Solving the ODE $x''=\frac{1}{3x}$ I am studying ODE and I just started learning about second order ODE. The question I'm trying to solve is somewhat of a physics problem (but a very simple physics, the hard part is the ODE involved). It is $$x'' = \frac{1}{3x}.$$ Considering $x(t)$ as the distance between two bodies ($x'(t)$ is the velocity) I am giving the initial conditions : $x(0)=4,x'(0)=v(0)=-2$. I whish to find the value of $x(t)$ s.t $x'(t)=0$ (i.e _where_ $v(t)=0$) and when does this happen (i.e find t s.t $v(t)=0$). I would appriciate any help on this, I didn't really try anything because I don't know how to proceed.
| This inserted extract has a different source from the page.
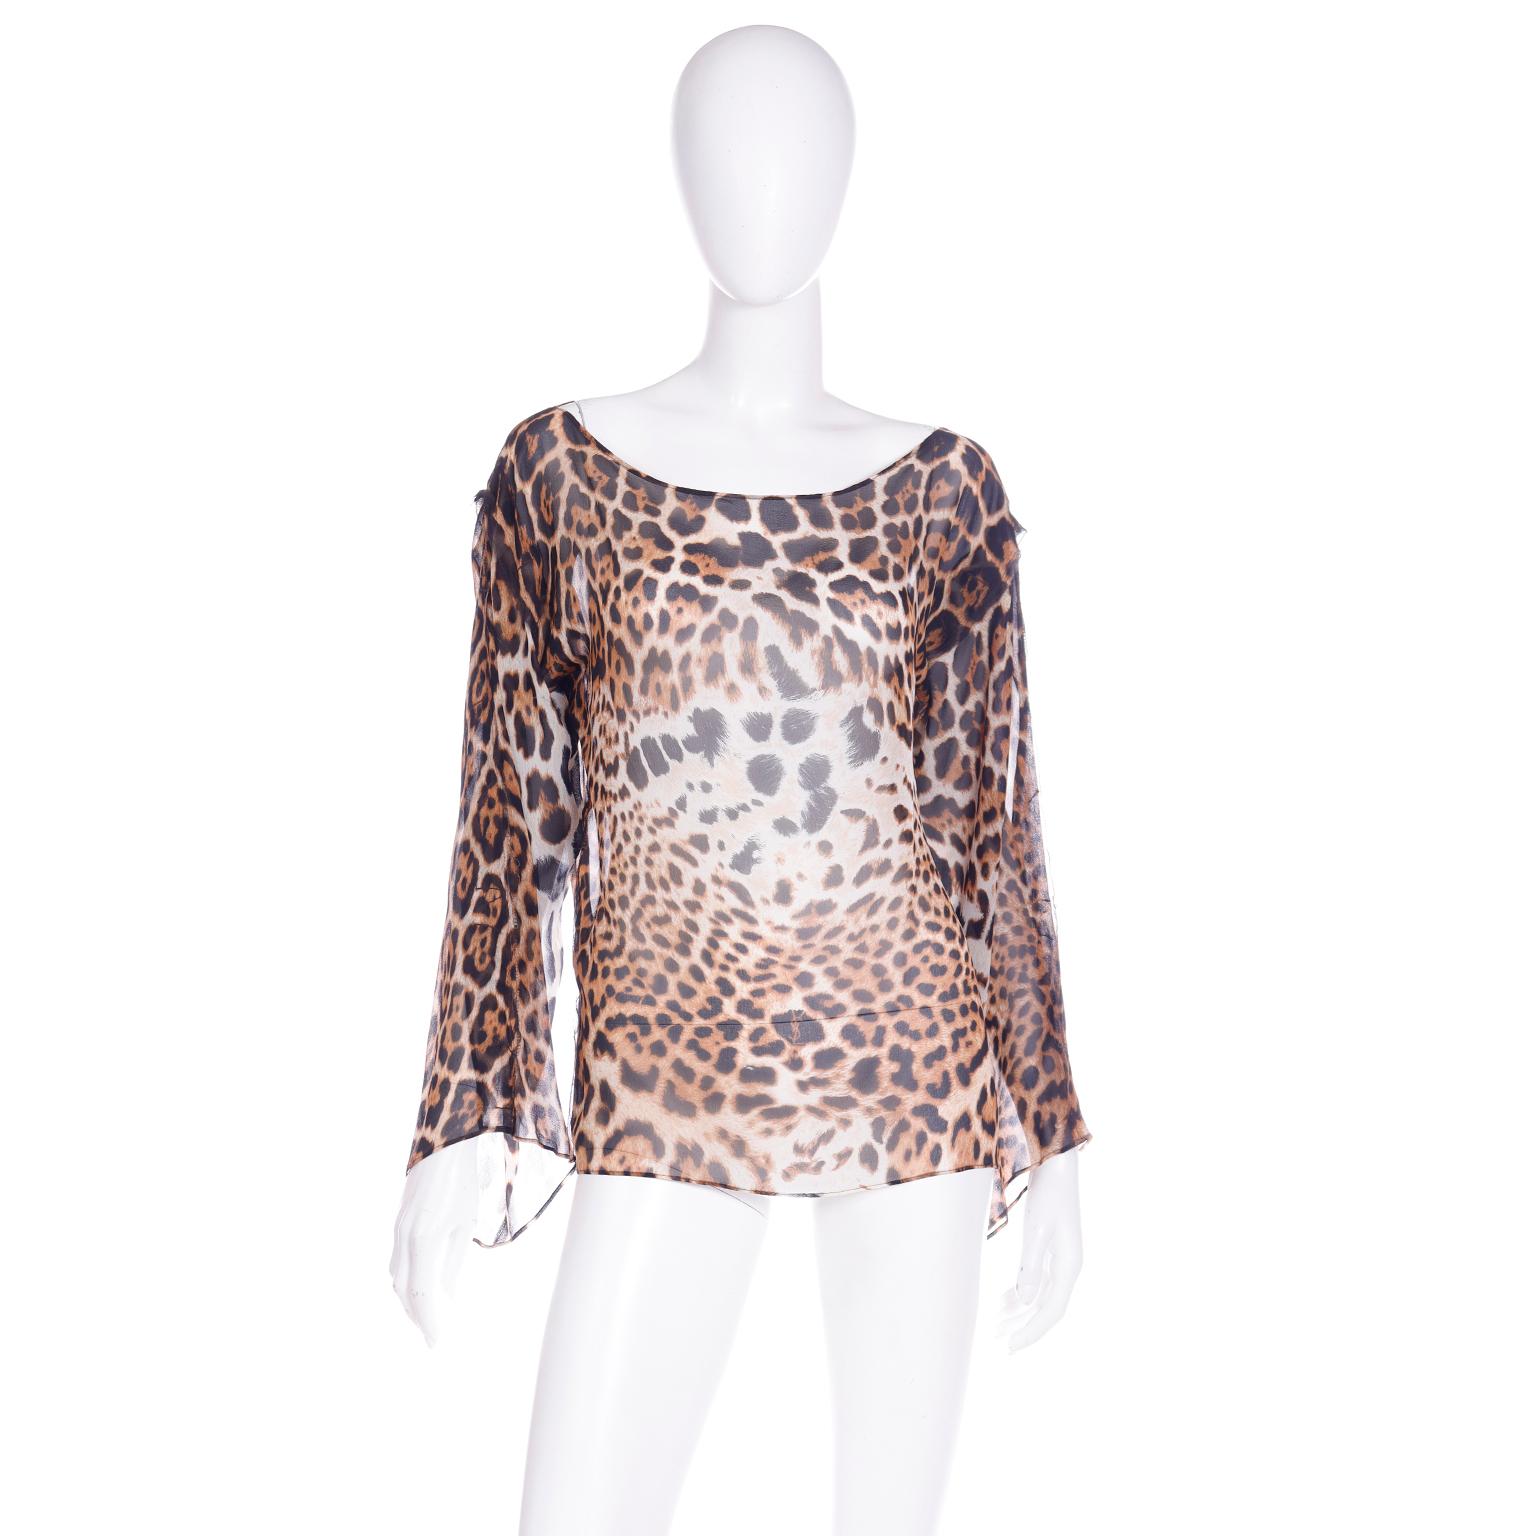 Tom Ford Yves Saint Laurent Spring Summer 2002 YSL Leopard Print Silk Runway Top In Excellent Condition For Sale In Portland, OR

Let me just expand on the answers that Peter and GEdgar have posted, which show that

$$ \frac{3}{2} v^2 = \log x + C. $$

We can get some mileage out of this expression, especially given the questions you ask about the ODE. Given that $x(0) = 4$ and $v(0) = -2$, we can find the value of $C$:

$$ \begin{align*} \frac{3}{2} (-2)^2 &= \log 4 + C \\\ C &= 6 - \log 4. \end{align*} $$

Moreover, we can use the equation to find $x$ such that $v = 0$:

$$ \begin{align*} \frac{3}{2} (0)^2 &= \log x + (6 - \log 4) \\\ \log x &= -6 + \log 4\\\ x &= \exp(-6 + \log 4)\\\ &= 4e^{-6}. \end{align*} $$

What I can't do is find the corresponding time ($t$) value, but perhaps $x$ is sufficient for your purposes.

Hope this helps!